Appellees intimate, without pressing' it very hard, that since the mortgagors are unable to pay the interest on loans, a deficit to that extent in the common school fund is the result, and that the transference of money by the state from the general fund to cover such, deficit is authorized by section 10, article 11, state Constitution, wherein it is provided that—

“In addition to such income the legislature shall make such appropriations, to be met by taxation, as shall insure the proper maintenance of all state educational institutions, and shall make such special appropriations as shall provide for their development and improvement.”

This contention is not sustainable. Chapter 49 by its title and contents .conclusively negatives any such idea. It was enacted “for the relief of natural persons” therein described, and not for the common school fund.

The purpose and intent of chapter 49 being, as we have seen,' to relieve the mortgagors of land under the Lyman dam project from ever paying* or repaying any sums advanced by the state to care for the interest on their mortgages, it only remains to see if such a thing may be done without violating the *123fundamental laws of the state or nation. Without deciding whether it violates the federal Constitution or other provisions of the state Constitution, as contended by appellant it does, we think it must be conceded that it runs counter to, and is in conflict with, section 7, article 9, of the state Constitution. This section reads as follows:

“Sec. 7. Neither the state, nor any county, city, town, municipality, or other subdivision of the state shall ever give or loan its credit in the aid of, or make any donation or grant, by subsidy or otherwise, to any individual, association, or corporation, or become a subscriber, to, or a shareholder in, any company or corporation or become a joint owner with any person,' company, or corporation, except as to such ownerships as may accrue to the state by operation or provision of law.”
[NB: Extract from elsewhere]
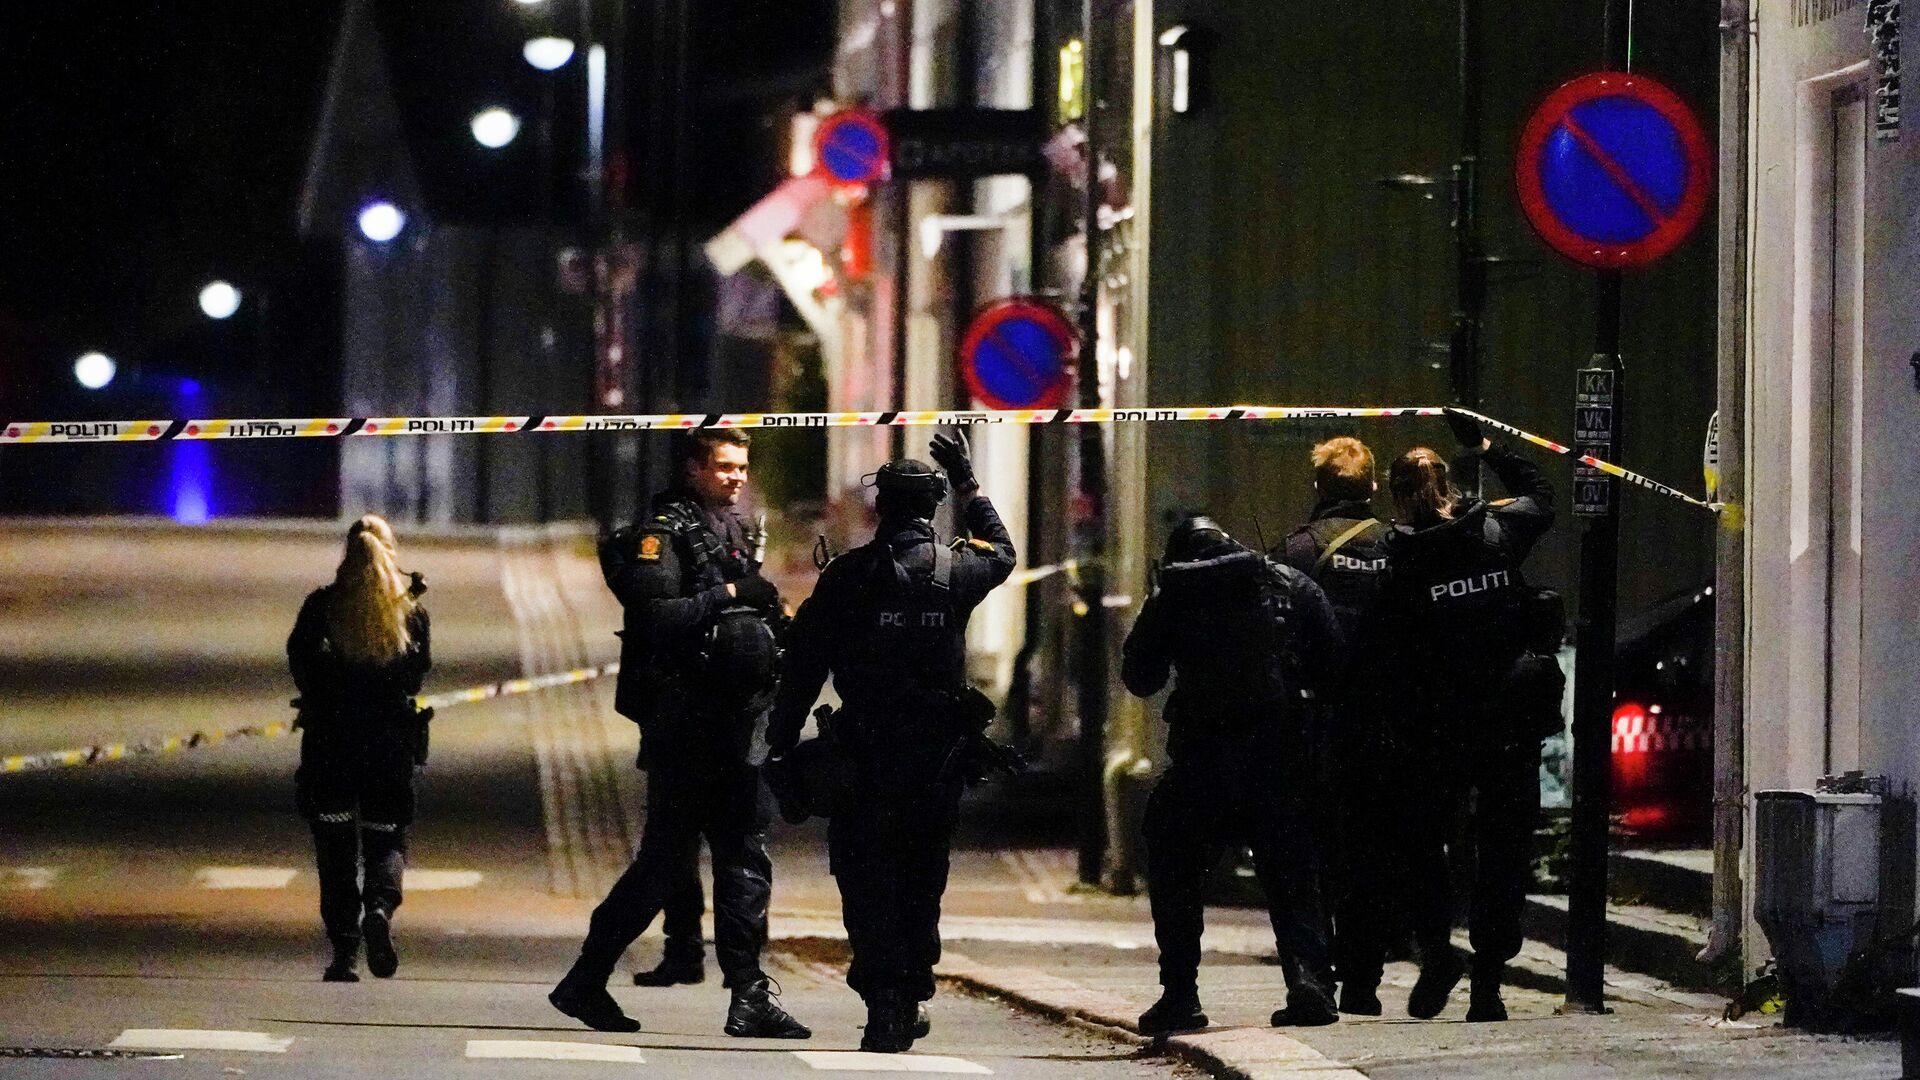 Напад стрелом у норвешком граду Конгсбургу, полиција на увиђају - Sputnik Србија, 1920, 13.10.2021

No refinement of reasoning will permit the proposed transaction to pass muster as against this inhibition. When a mortgagee forgives the interest for no other reason than the inability of the mortgagor to pay it, it is a donation, a pure and simple gratuity, unsupported by any consideration, moral or legal. Patty v. Colgan, 97 Cal. 251, 18 L. R. A. 744, 31 Pac. 1133; McClure v. Nye, 22 Cal. App. 248, 133 Pac. 1145; In re Stanford’s Estate, 126 Cal. 112, 45 L. R. A. 788, 54 Pac. 259, 58 Pac. 462. While the object had in view may be a worthy one, the people, by their Constitution, have said in language, plain and unmistakable, that the public moneys shall not be appropriated by the legislature for that purpose. This restriction upon the power of the legislature cannot be ignored.

The relinquishment of the interest on loans of institutional funds cannot be reconciled with section 2, article 10, of the state Constitution, which reads as follows:

“Sec. 2. Disposition of any of said lands, or of any money or thing of value directly or indirectly derived *124therefrom, for any object other than that for which such particular lands (or the lands from which such money or thing of value shall have been derived) were granted or confirmed, or in any manner contrary to the provisions of the said Enabling Act, shall be deemed a breach of trust.”

The interest and principal must be used for the specific purpose for which institutional lands were .granted to the state, or to the territory, before it became a state. The legislature would have as much right to appropriate such funds or the interest thereon for road-building purposes as it would have to give such funds away. Being convinced that the provisions of chapter 49 cannot be carried out, without violating the two sections of the Constitution above quoted (and perhaps others), we must hold that the judgment of the trial court was in error in refusing to enjoin the defendants-appellees from carrying out the terms of said chapter.

The judgment of the lower court is reversed and the cause remanded, with directions that a permanent injunction and restraining order be issued as in the complaint prayed for.

McALISTEB, and FLANIGAN, JJ., concur.